2. **Commercial**: Proprietary license from [ANULUM](https://www.anulum.li/licensing)
   — removes copyleft, allows closed-source and SaaS deployment.

### Commercial Tiers

| Tier | Monthly | Yearly | Best for |
|------|---------|--------|----------|
| **Hobbyist** | $9 | $90 | Students, side projects, experiments. 1 local deployment, community support (GitHub/Discord), delayed updates. |
| **Indie** | $49 | $490 | Solo devs, bootstrapped teams (<$2M ARR). 1 production deployment, email support, 12 months updates. |
| **Pro** | $249 | $2,490 | Startups & scale-ups. Unlimited internal devs, multiple envs, Slack priority support, early releases. |
| **Enterprise** | Custom | Custom | Large orgs. SLA (99.9%), on-prem/air-gapped, SOC2/HIPAA-ready, dedicated engineer, custom NLI fine-tunes. |

**Perpetual license**: $1,299 one-time (Indie equivalent).
**First 50 commercial licensees**: 50% off first year.

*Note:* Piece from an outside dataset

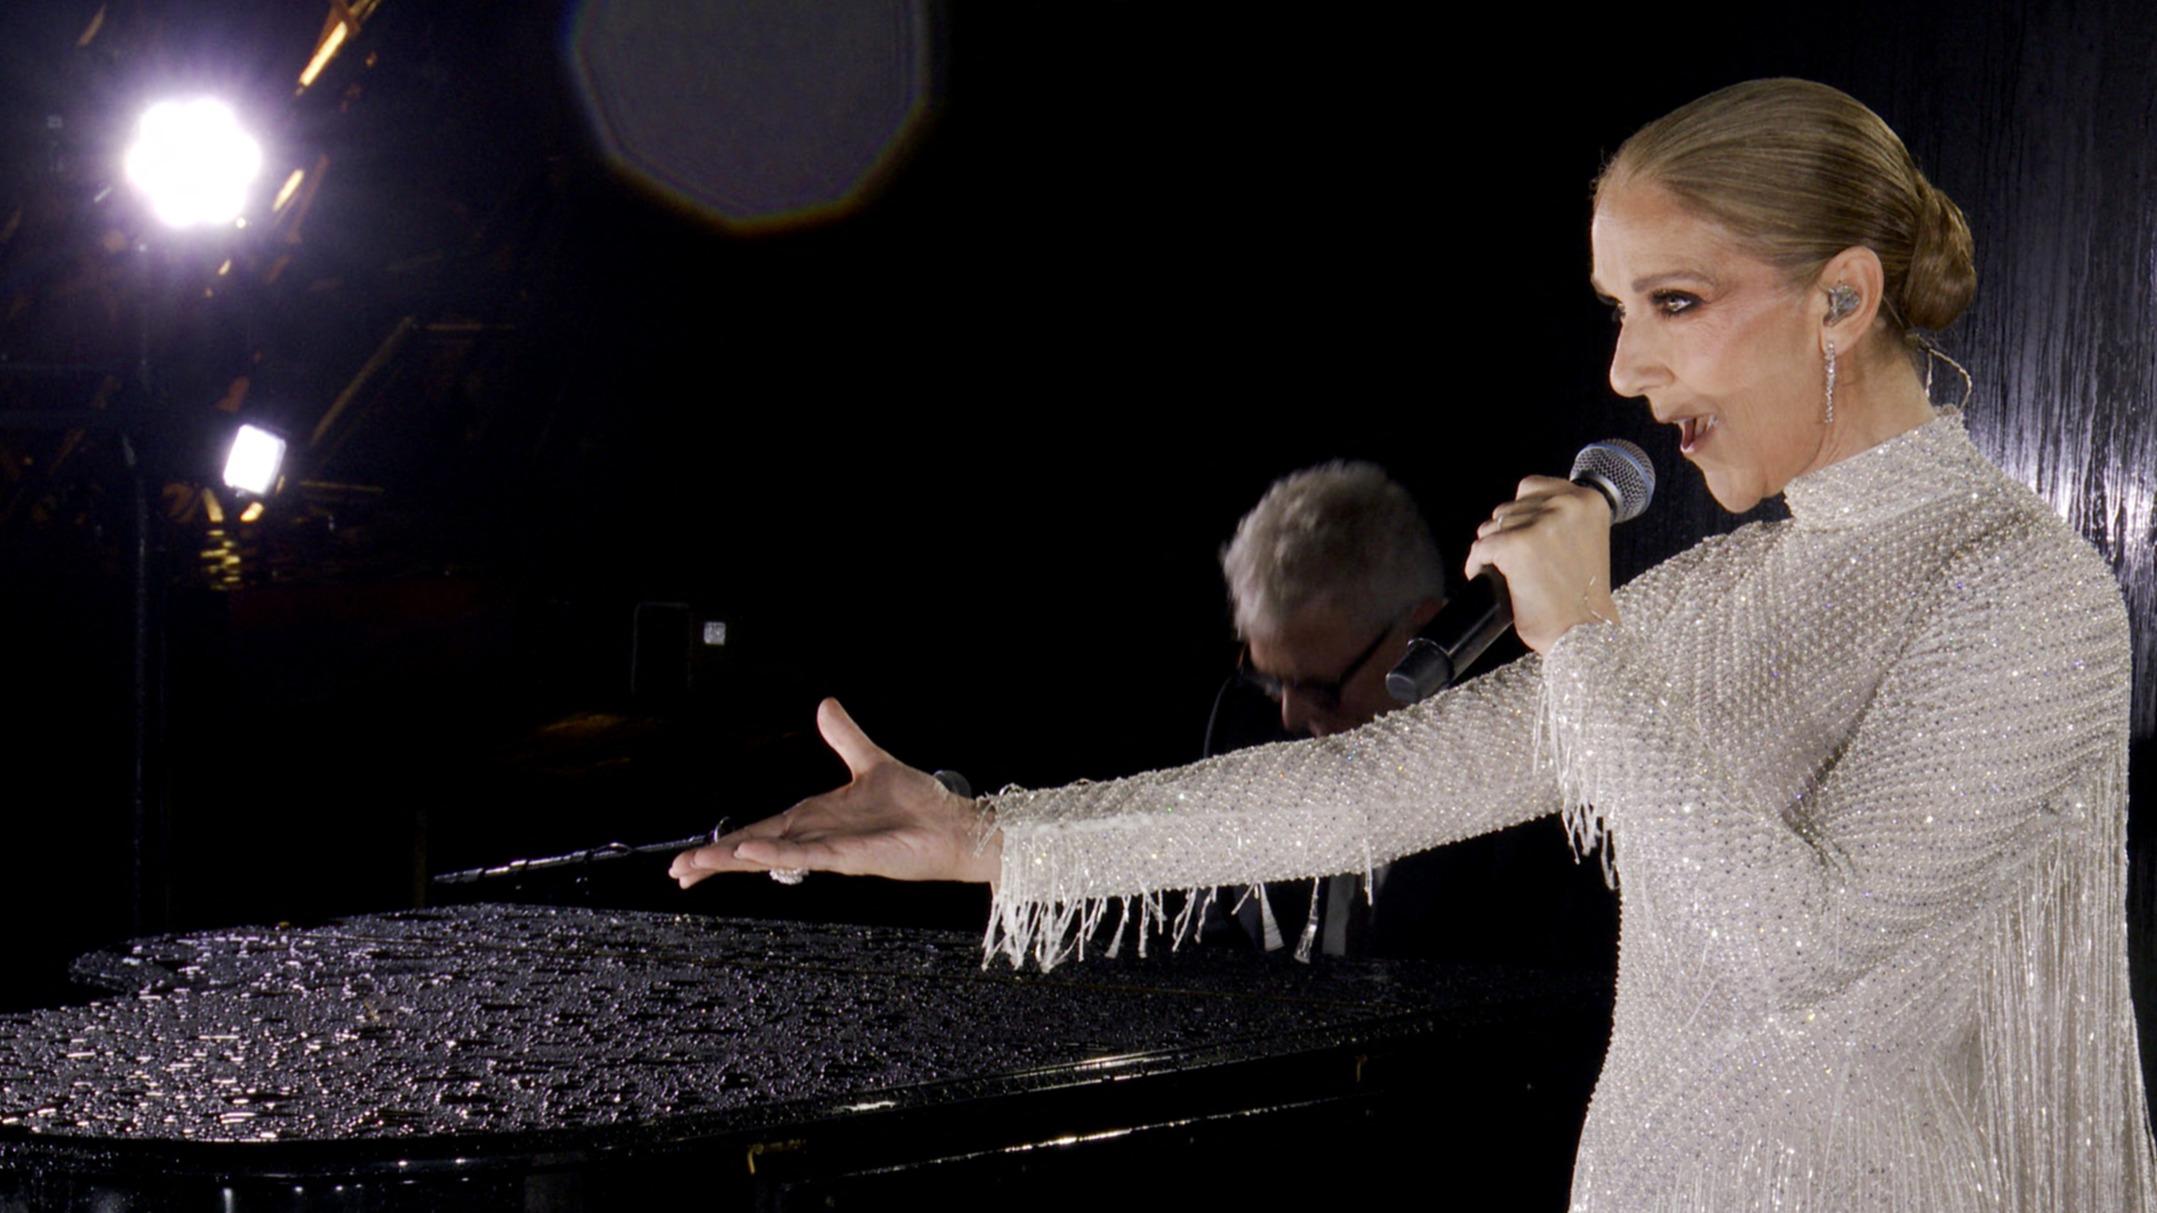 Accompagnée par son pianiste Scott Price, dans une longue robe argentée, Céline Dion a chanté L’Hymne à l’amour.&amp;nbsp;

Contact: [anulum.li/contact](https://www.anulum.li/contact.html) or invest@anulum.li

See [NOTICE](NOTICE) for full terms and third-party acknowledgements.

## Known Limitations

1. **Heuristic fallback is weak**: Without `pip install director-ai[nli]`,
   scoring uses word-overlap heuristics (~55% accuracy). Pass `strict_mode=True`
   to disable heuristics and return neutral 0.5 instead.
2. **Summarisation is a weak spot**: NLI models (including DeBERTa) under-perform
   on summarisation datasets (AggreFact-CNN: 53%). Best for factual QA and
   claim verification.
3. **Single-document NLI**: Long documents are scored as a single premise.
   Chunked NLI scoring is on the roadmap.
4. **Weights are domain-dependent**: Default `w_logic=0.6, w_fact=0.4` suits
   general QA. Adjust via constructor args for your domain.

## Roadmap

### Shipped in v1.2.0

- **Score caching** — LRU cache with blake2b keys and TTL for streaming dedup
- **Framework integrations** — LangGraph nodes, Haystack components, CrewAI tools
- **Quantized NLI** — 8-bit bitsandbytes quantization for <80ms GPU inference
- **Upgraded embeddings** — bge-large-en-v1.5 via `SentenceTransformerBackend`
- **MkDocs site** — full API reference, deployment guides, domain cookbooks
- **Enhanced demo** — side-by-side comparison with token-level highlighting

### Shipped in v1.1.0

- **Native SDK interceptors** — `guard(OpenAI(), facts={...})` wraps
  any OpenAI/Anthropic client with transparent coherence scoring
- **MiniCheck backend** — 72.6% balanced accuracy on LLM-AggreFact
- **Evidence return** — every `CoherenceScore` carries top-K chunks,
  NLI premise/hypothesis, and similarity distances
- **Graceful fallbacks** — `fallback="retrieval"` / `"disclaimer"` +
  soft warning zone + streaming `on_halt` callback

### Completed

- [x] Score caching, LangGraph/Haystack/CrewAI, quantized NLI, MkDocs site
- [x] `director-ai eval` — structured CLI benchmarking
- [x] Native OpenAI/Anthropic SDK interceptors (`guard()`)
- [x] Evidence schema on all rejections
- [x] Graceful fallback patterns (retrieval, disclaimer, soft warning)
- [x] End-to-end guardrail benchmark (600+ traces, 8 metrics)
- [x] HuggingFace Spaces live demo

### Next

- [ ] Chunked NLI scoring for long documents
- [ ] Prometheus histogram latency buckets
- [ ] `director-ai serve --workers N` multi-process mode

## Citation

```bibtex
@software{sotek2026director,
  author    = {Sotek, Miroslav},
  title     = {Director-AI: Real-time LLM Hallucination Guardrail},
  year      = {2026},
  url       = {https://github.com/anulum/director-ai},
  version   = {1.2.1},
  license   = {AGPL-3.0-or-later}
}
```

## Contributing

See [CONTRIBUTING.md](CONTRIBUTING.md) for guidelines. By contributing, you agree
to the [Code of Conduct](CODE_OF_CONDUCT.md) and AGPL v3 licensing terms.

## Security

See [SECURITY.md](SECURITY.md) for reporting vulnerabilities.